Data Science & Manufacturing
Industry 4.0, Smart Factory – manufacturing of the future has many buzz words, which refer to the intelligent utilization of accessible machine data to enhance and improve operational performance. Analysis and modelling of production processes enable the sustainable reduction of down times. At the same time, big data equips production lines to reliably handle great product variety at maximum machine utilization. Shop floors at German (and international) manufacturing sites are – indeed – already highly optimized and data driven. Data availability is rarely an issue and – first and foremost – the goal is clearly defined: maximum output at minimum costs. End of story? Not really, because data science holds the key for new areas of value creation, which go beyond traditional shop floor optimization.
With structured and unstructured information at hand, manufacturing companies gradually move beyond the shop floor and aim to integrate data from various departments, in order to gain new overarching, intelligent insights.

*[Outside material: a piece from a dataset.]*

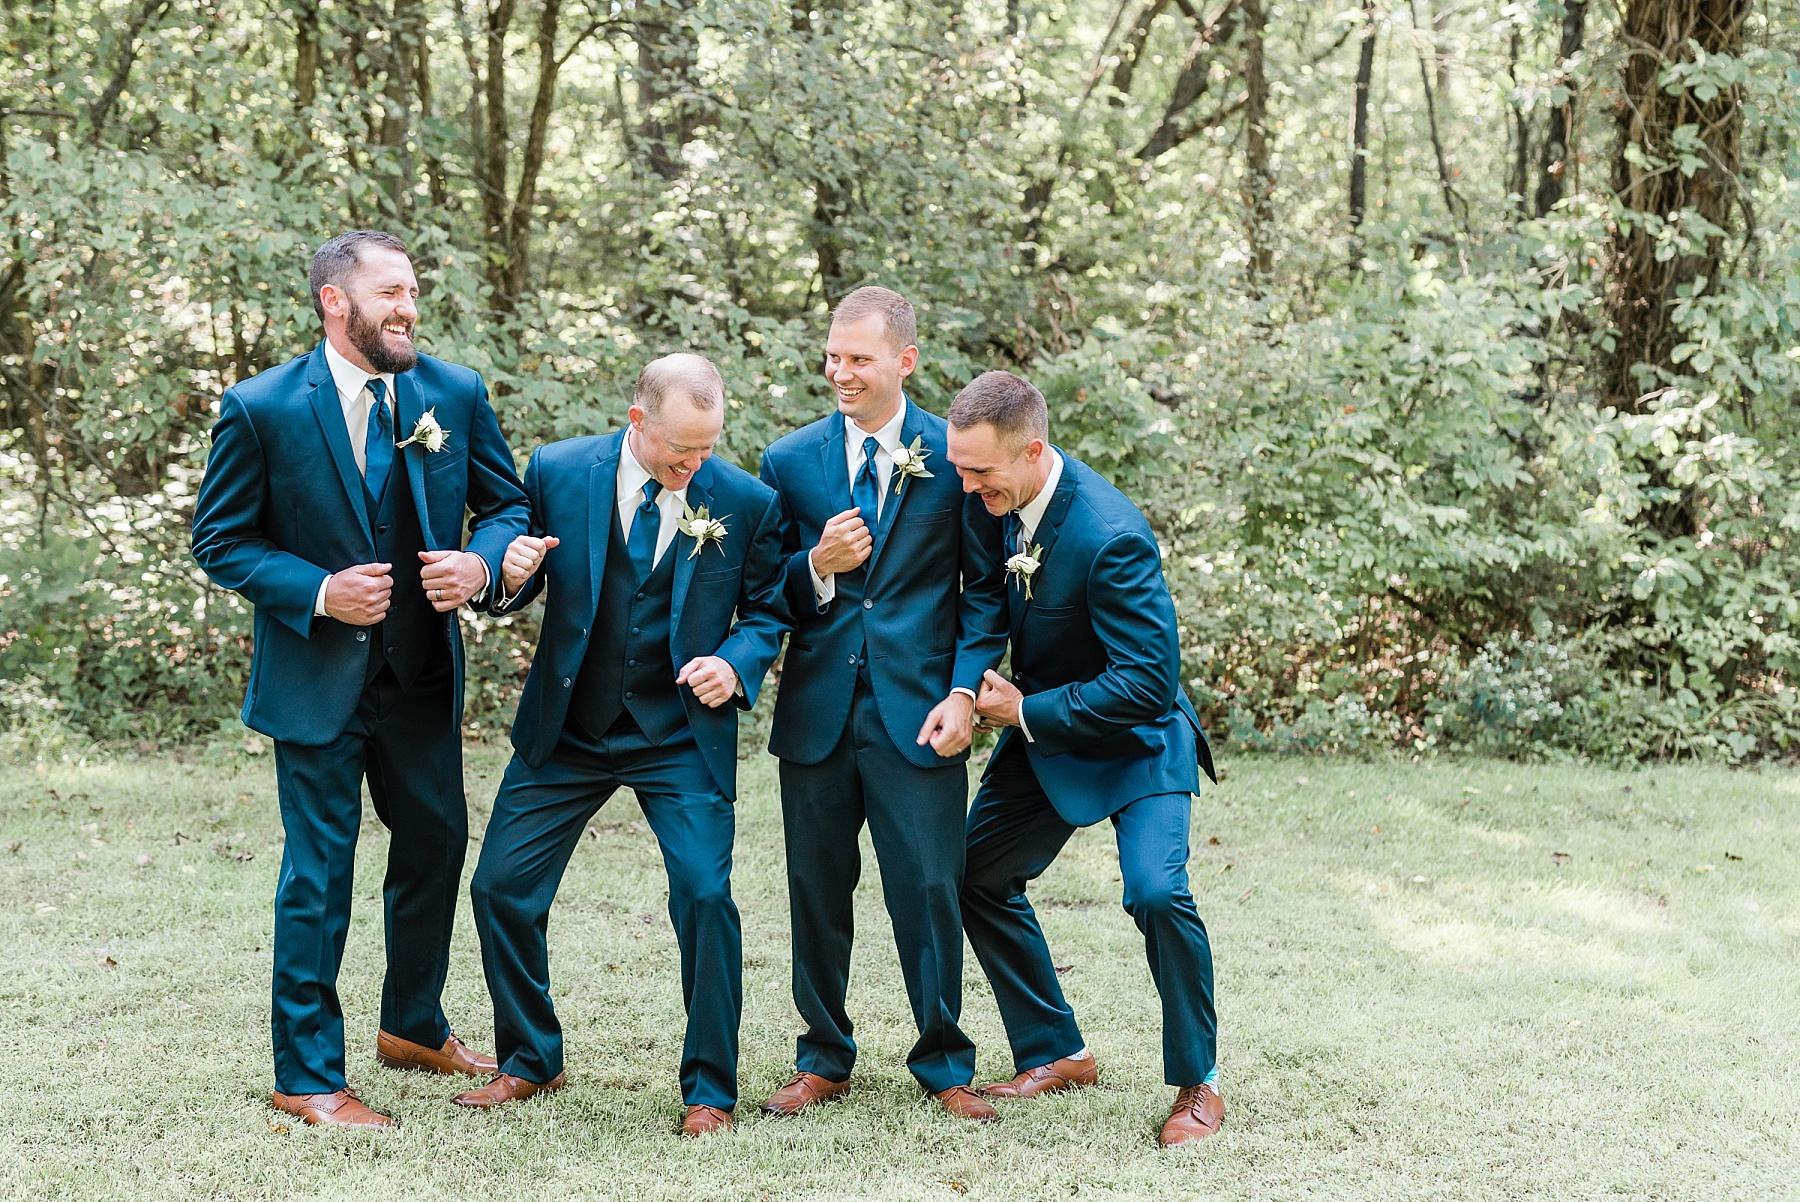 Romantic Summer Sunset Wedding Ceremony at Little Piney Lodge St. Louis Missouri by Kelsi Kliethermes Photography Fine Art Photographer_0023.jpg

Predictive maintenance and new business models
Intelligent predictive maintenance has been on the agenda of manufacturing executives for quite some time, as it is highly entangled with machine downtime prevention. Nevertheless, maintenance is not only an issue for continuously optimizing the own production lines. With sensors and wireless communication as an integral component of manufacturing equipment, it can be utilized to optimize beyond the company’s organizational borders.
Especially for companies, which are in the business of selling heavy machinery and other investment goods, services gradually become a major revenue stream. Preventively sending service teams to customers is crucial to actual prevention of machine disruption and to maintain a high service quality perception. Providing high service quality is enabled through data science and customized algorithms, which take in machine data and effectively tailor predictions to the respective environment at the client’s site. Additionally, companies might experiment more with leasing their equipment and machines and establish new pay-per-use models. Data science enables organizations to reliably predict revenue streams per customer and provide the basis for business model innovation, if explored on a continuous basis.
Holistic, integrated business and manufacturing steering
Shop floor performance is not an isolated endeavour anymore, but its optimization is carried out along various dimensions. Integrating manufacturing output indicators with other business-relevant metrics is key to sustainably improve performance. Data science and machine learning can effectively help to quickly establish, challenge and test hypotheses about causal relations and pattern and thus assist to build strategies upon those insights.
Data science unfolds its key value proposition especially in those scenarios, where data from different domains is merged and mined for insights. Manufacturing executives are on the constant quest to understand their business even better, identify new levers for optimization and innovate across all dimensions. Establishing a powerful data science culture across all domains, which delivers unique insights and thought provocation, is crucial for advancements on quality control, business steering and bottom-line performance.
Elimination of overhead costs
While process optimization itself usually encompasses the elimination of overhead costs, wherever feasible, it is not only manufacturing processes, which need to be assessed with a new lense of technological advances. Indeed a new culture of the lean organization should be fostered with data science and rolled-out in manufacturing companies.
For example, service processes can be streamlined by exploring techniques of natural language processing on existing service documents, mapping the service processes accordingly and starting to automate some components of the service process. Within the sales process, sales agents might automatically be provided with relevant documents which enable them to deliver more value to potential clients and optimize conversion rates and handle more leads. Continuous improvement attitudes, which are inherent in the lean manufacturing culture should be actively championed and disseminated to all other departments of the company. Nurturing this culture could further cut overhead costs, because data science opportunities are actively sought and implemented.